Rechargeable battery shipments to be barred from airliners
A United Nations panel already approved the idea that the shipments of rechargeable lithium batteries be banned from passenger airliners since the batteries may create fires capable of destroying planes.
The decision by the Montreal-based International Civil Aviation Organisation’s top-level governing council is not binding, but most countries follow the agency’s standards.
The Council’s decision will be effective 1 April, 2016.
Lithium-ion batteries are used in a vast array of products, from cellphones and laptops to some electric cars. That’s near the melting point of aluminum, which is used in aircraft construction.
It doesn’t apply to cargo-only airlines or to batteries already installed in phones, computers or other equipment, meaning individual passengers won’t have to leave their batteries behind.
The FAA is reporting that one bad battery can cause a chain reaction among other ion batteries-called thermal runaway-resulting in an explosion which could theoretically take down a passenger aircraft. A single cargo container can hold thousands of batteries.
Back in October, the US’s Federal Aviation Administration (FAA) said it would back such a ban, while warning passengers not to pack spare lithium metal and spare rechargeable lithium ion batteries in their checked baggage.

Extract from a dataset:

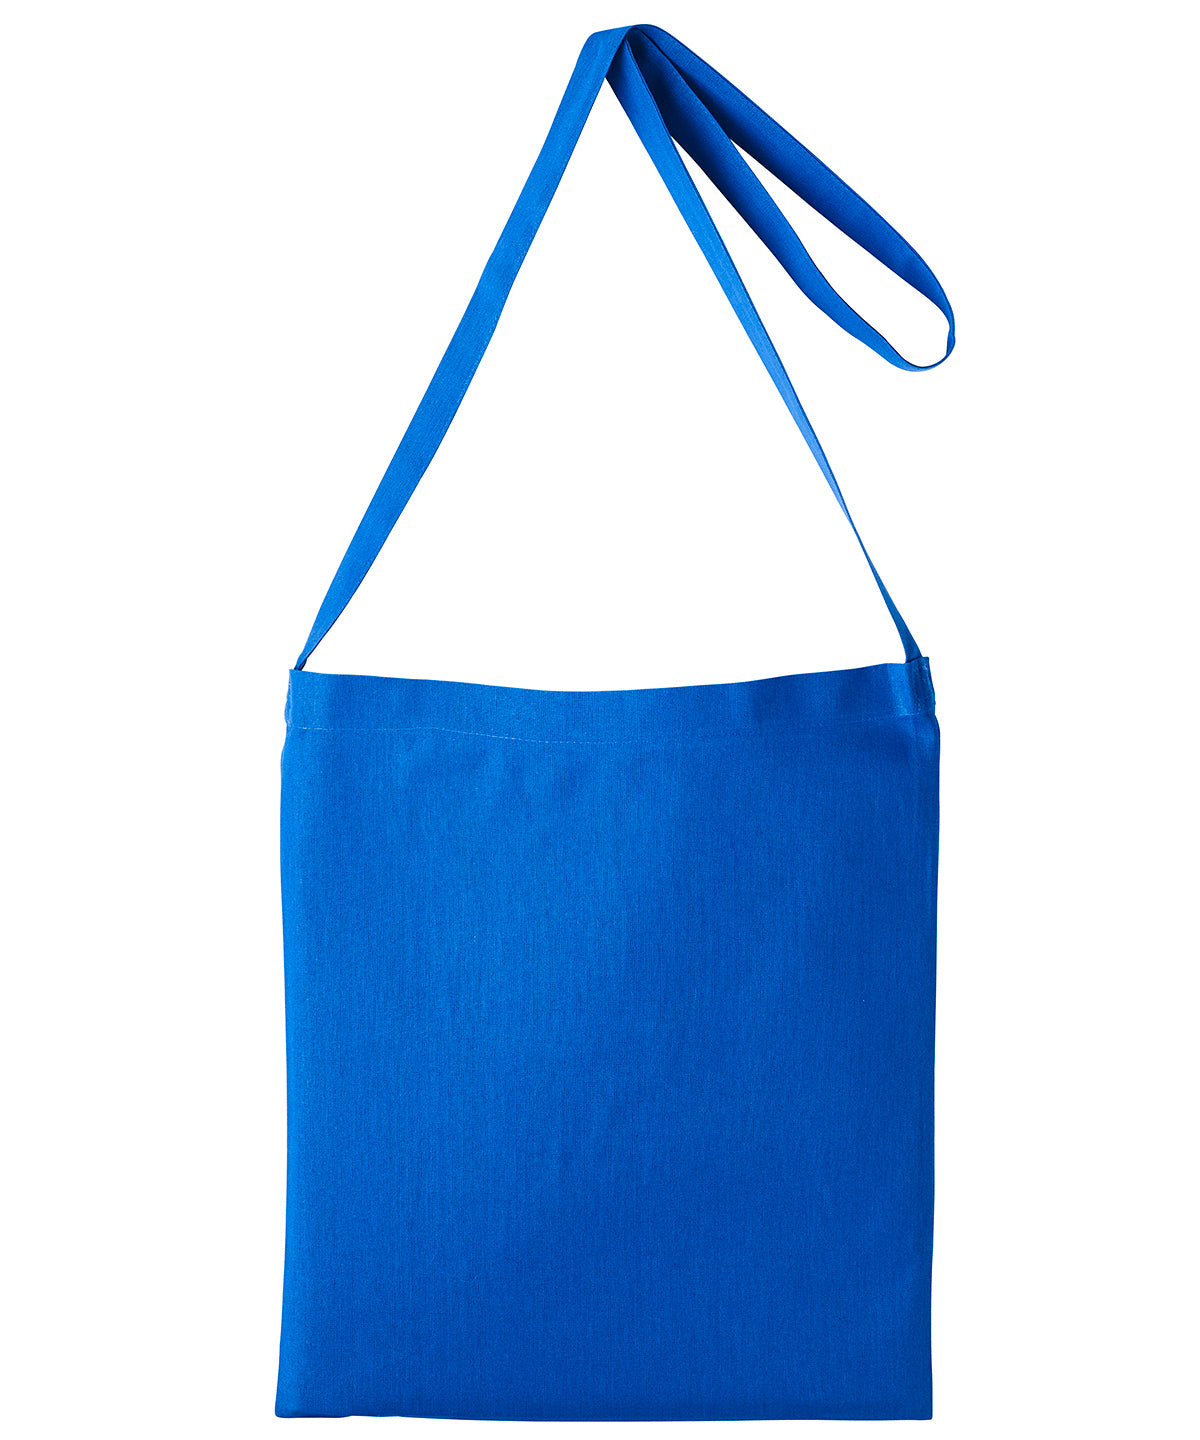 Töskur - One-handle Bag

The Air Line Pilots Association said lawmakers should have enacted a ban of their own to show the U.S.is serious about preventing fires on-board planes that have been associated with the lithium batteries in recent years.
“This has been a long time coming, and is justified by the risk these batteries pose in transportation”, said Mark Rogers of the Air Line Pilots Association in North America. Representatives from the Netherlands and France on the unsafe goods panel voted last autumn against a ban.
The official wasn’t authorized to speak publicly and spoke on the condition that he not be named.
The group that lobbies for battery markers in Washington, PRBA – The Rechargeable Battery Association, said the “decision by the ICAO Council was not unexpected”, although its industry strongly disagrees with the regulators’ conclusions.
“When the industry banned the shipment of lithium-metal batteries, we saw instances of them being passed off as lithium-ion batteries”, an expert familiar with ICAO’s move told Reuters, questioning whether a ban on the batteries would make passenger planes safer.